I am facing this question from quite long time (Since 2 year
) , Got different Explanations from different teacher . But none of them satisfied me .
I will reply the explanations later which I got from different teachers .
So observation is , The order of acidity is Methanol>Water>Ethanol .
What the basic knowledge says , the order should be Water>Methanol>Ethanol , Due to inductive effect .
So first Thought came to in my mind -:
there should be some solvent effect , like in their "conjugated base form" the solvation is almost equal since basically you have to solvate O
- .
Solvation of Water will be highest , since it has 2 partially positively proton (Small in size , High charge density , better solvation) this make the ΔG reaction more positive , since reactant side is getting stabilized .
Whereas in case of Methanol,Ethanol the solvation will be poorer . So Inductive effect and Solvation have just opposite effect on acidity . So In case of Methanol it most balanced , So It has Highest acidity .
But
I got confused again when I saw the data of Proton Affinity (in KJ/mol) .

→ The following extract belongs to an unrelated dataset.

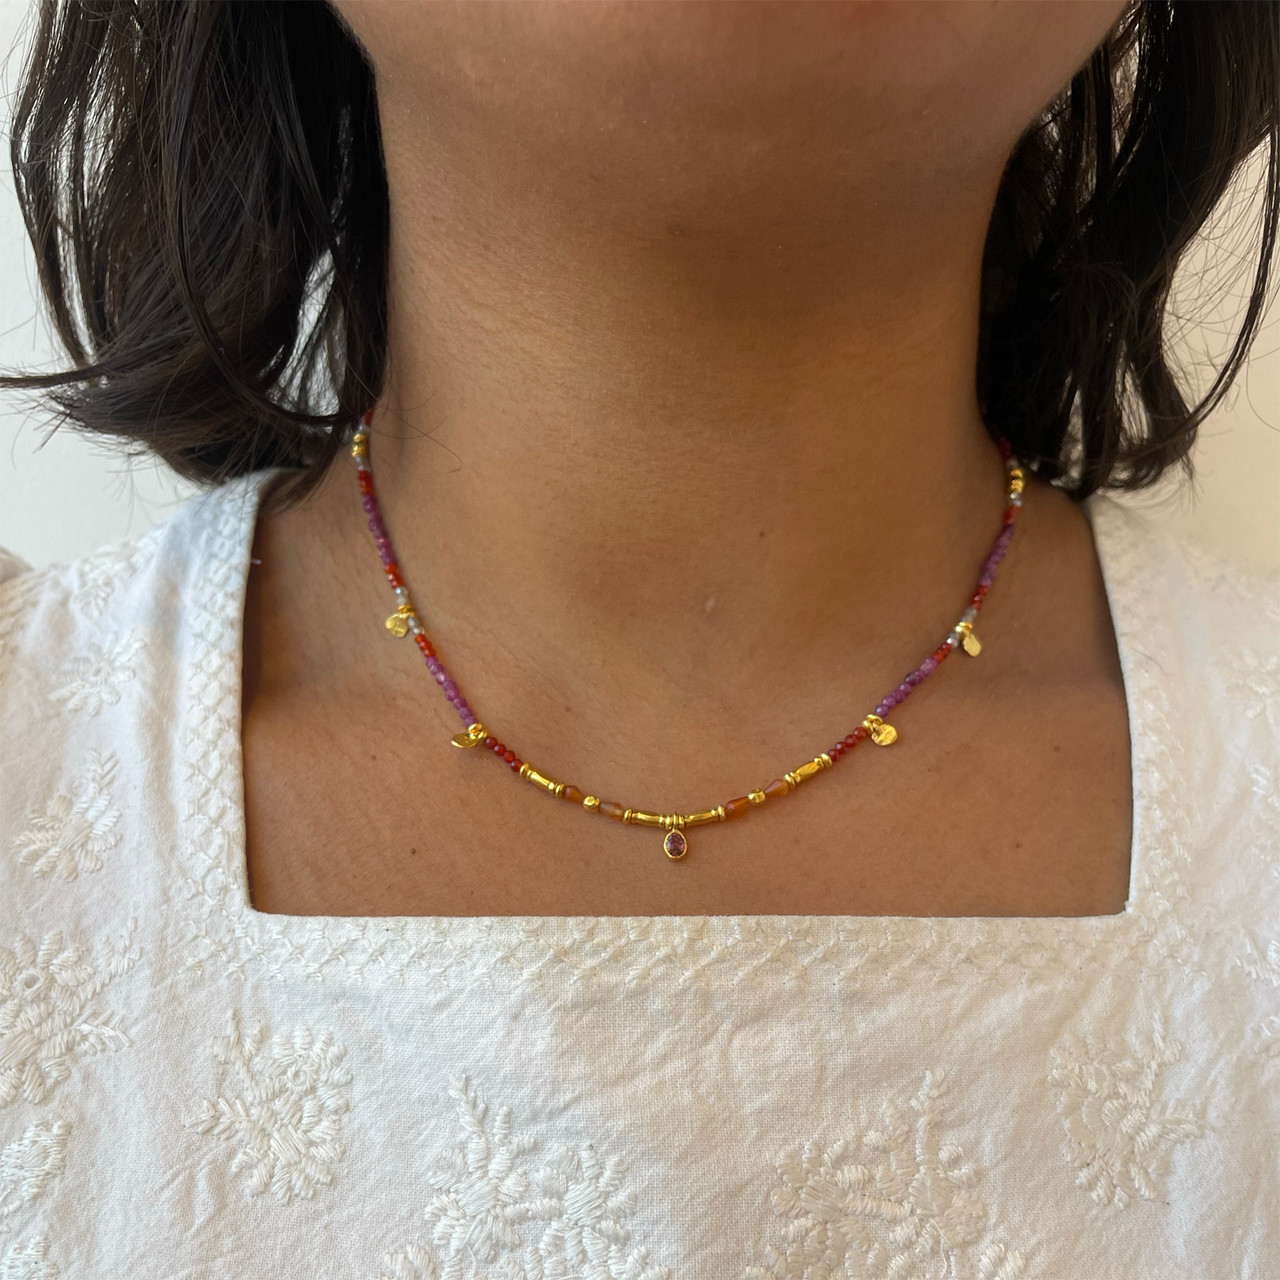 Smarties Gold Plated Beaded Necklace with Ruby, Carnelian & Labradorite, Mary Gaitani, tomfoolery

Hydroxide (1635) > Methoxide (1587) > Ethoxide (1574)
So hydroxide in gaseous phase is best base , so poorest base .
Just opposite of Inductive effect . (Note: I've read that It is
assumed that alkyl group has +I effect , The results are not clear when alkyl is connected to a saturated atom )
Also Second thing which made me double confused that
In gaseous phase the the proton affinity is
Water<Methanol<Ethanol< Propanol
As predicted ,bigger alkyl have more powerful +I .
So whats going on ?? Is there any connection with Electron affinity of Oxygen ?? As Electron affinity of O
- is negative and O (neutral) is positive (at the end this is coming in my mind) ??